2007年にコバム練習場が完成するまで、チェルシーはロンドン大学の施設を借りて練習していました。信じられないような話ですが、ようやくクラブの輝かしい歴史にふさわしい練習場ができたわけです。

チェルシーFCのコバム練習場
チェルシーFCのコバム練習場 (画像:AFL Architects)

―練習場を設計するうえでは、どのようなことが大切ですか?

リタ:周辺の景観と調和し、持続可能な施設を建設することも目標となります。チェルシーもサウサンプトンも都市部ではなく郊外に練習場を整備しましたが、そういった場合は主に景観に関する難題が持ち上がります。チェルシーは、景観を阻害しないよう、クラブハウスの地下部分を大幅に拡張することで対応しました。クラブハウスの屋根にはベンケイソウを植え込んだグリーンルーフを採用し、視覚的な美しさだけでなく、生物多様性の増進や雨水管理の向上も実現しています。
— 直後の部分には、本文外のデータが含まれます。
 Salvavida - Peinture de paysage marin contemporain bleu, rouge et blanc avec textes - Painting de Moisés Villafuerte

また、2018年には弊社が設計したエヴァートンFCの「ファミリールーム」がオープンしました。これは、アカデミーの選手たちが練習する姿を家族が快適な環境で見守れるよう、設計したものです。自宅のような温かみのある空間を作り出すことで、クラブへの帰属意識を高めてもらおうとしています。イングランドを代表するビッグクラブでも、地域コミュニティを育んでいくことがクラブの将来にとって重要だと認識しているのです。
※若手選手の育成を目的としてサッカークラブが設けた組織。

ファミリールームが入る、エヴァートンFCのトレーニング施設
ファミリールームが入る、エヴァートンFCのトレーニング施設
(画像:AFL Architects)

競技レベルの向上には、地域とクラブの協働が不可欠

―日本の場合、クラブが自前でスタジアムを建設することは稀で、多くの場合、地方自治体が公共施設整備事業の一環としてスタジアムを建設することになります。AFLアーキテクツでも、自治体や政府機関と一緒にスタジアムの設計をされるのですか?
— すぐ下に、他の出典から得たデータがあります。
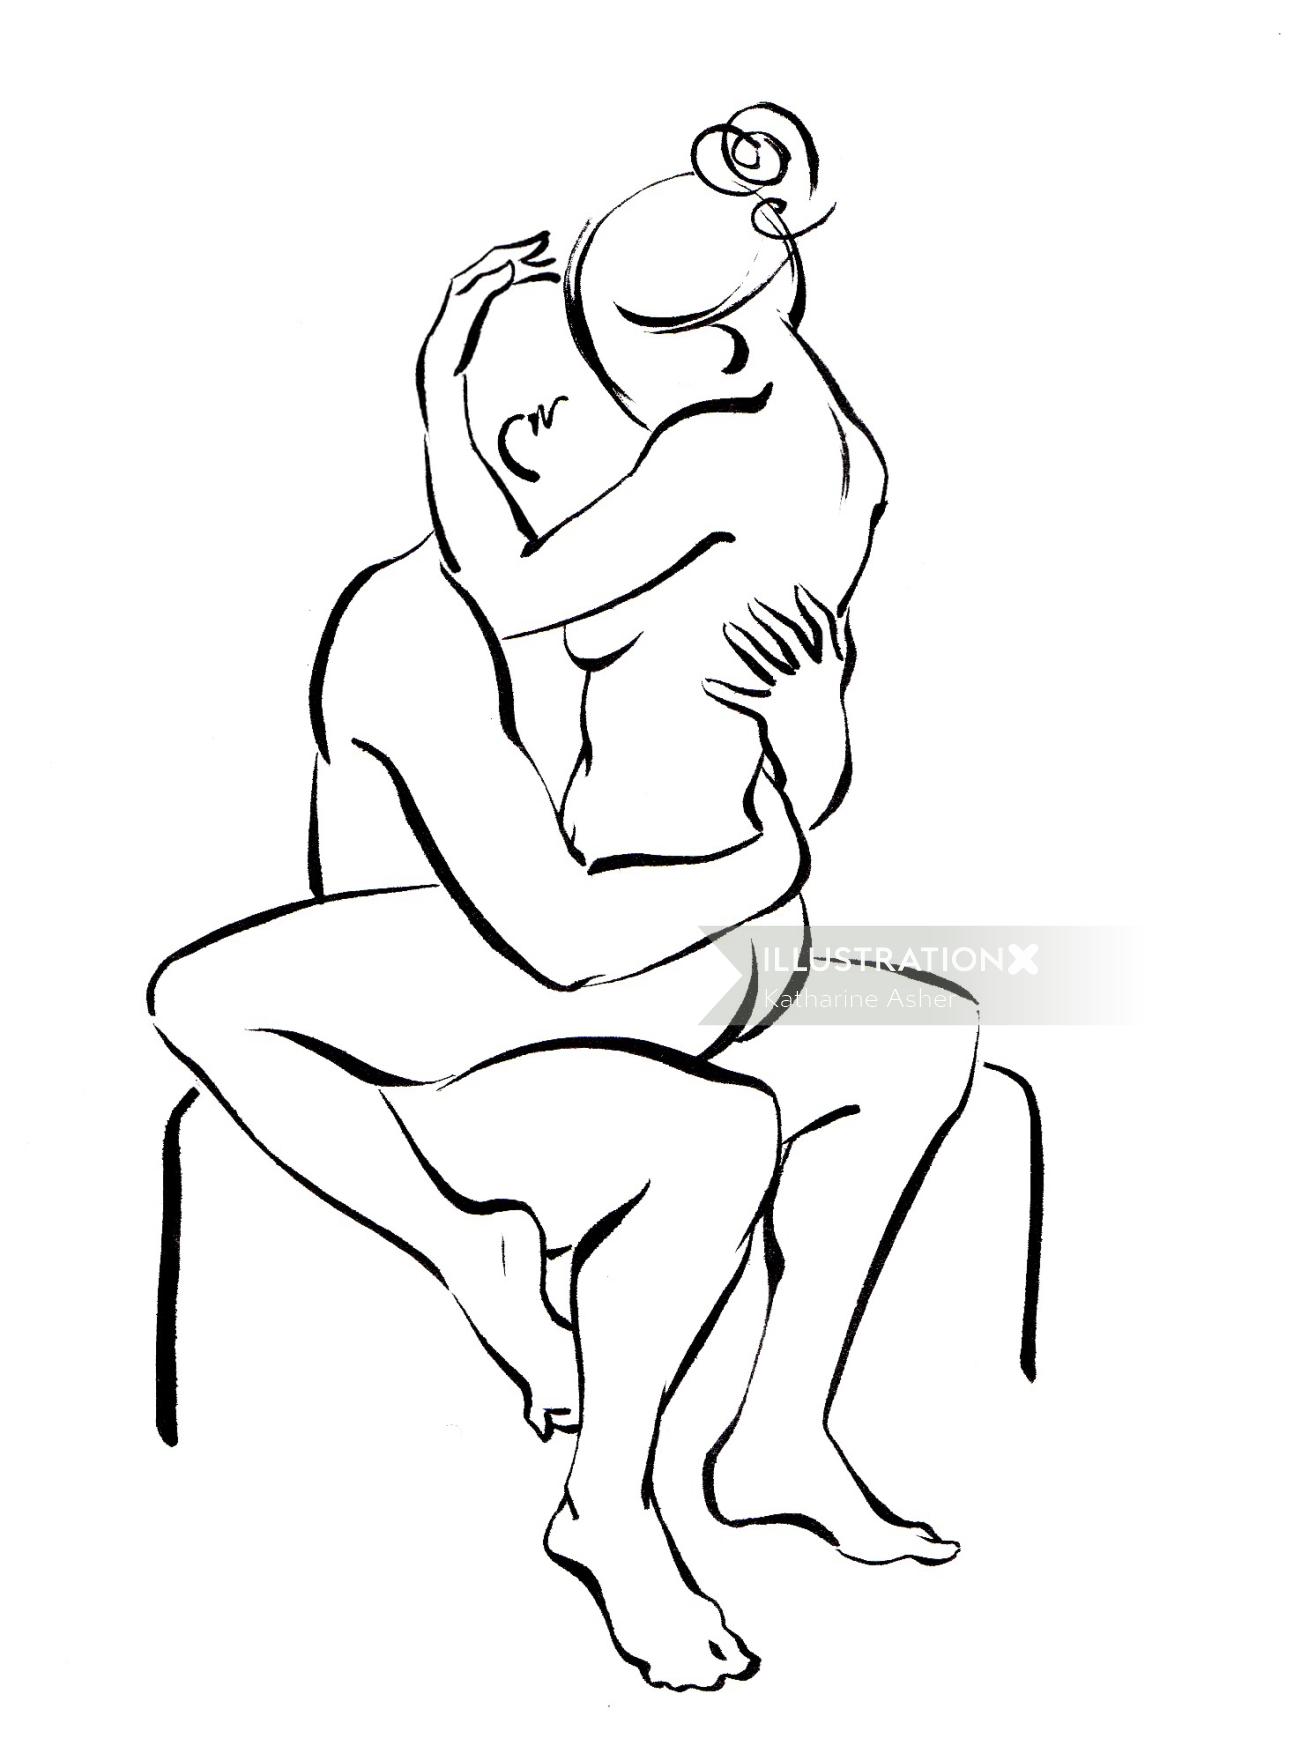 Une illustration des positions sexuelles classiques

リタ:はい。AFLアーキテクツは様々な政府機関と協働します。オリンピックやFIFAワールドカップ、UEFAチャンピオンズリーグ、そしてEUROなどの国際大会が行われると、開催国の政府機関はスタジアムの新設をします。そこでAFLアーキテクツは、単にスタジアムを設計するだけでなく、都市開発やレガシープラン(大会開催後を見据えた計画)、開催都市・地域の自治体やクラブへの支援など、広範囲に渡って大会に関わるのです。

―最近の例は?

リタ:2024年のEURO開催を目指していたトルコ政府との協働です。スタジアムや関連施設の整備事業資金の調達方法、レガシープラン、スタジアムのデザインなど、官民連携事業の持続可能性に必要なビジョンを、開催候補都市に提案しています。また現在は中国も興味深いですね。サッカー専用スタジアムや練習場の拡充が進んでいるのです。

―どのような状況なのですか?

リタ:中国では、オリンピックのような国際大会の開催要件を満たす大型施設に、国の機関が積極的に公的資金を投入してきました。しかしレガシープランが策定されていなかったため、大会開催後に施設が無用の長物になり、ピッチや投光器を適切に維持管理するための人材も足りていません。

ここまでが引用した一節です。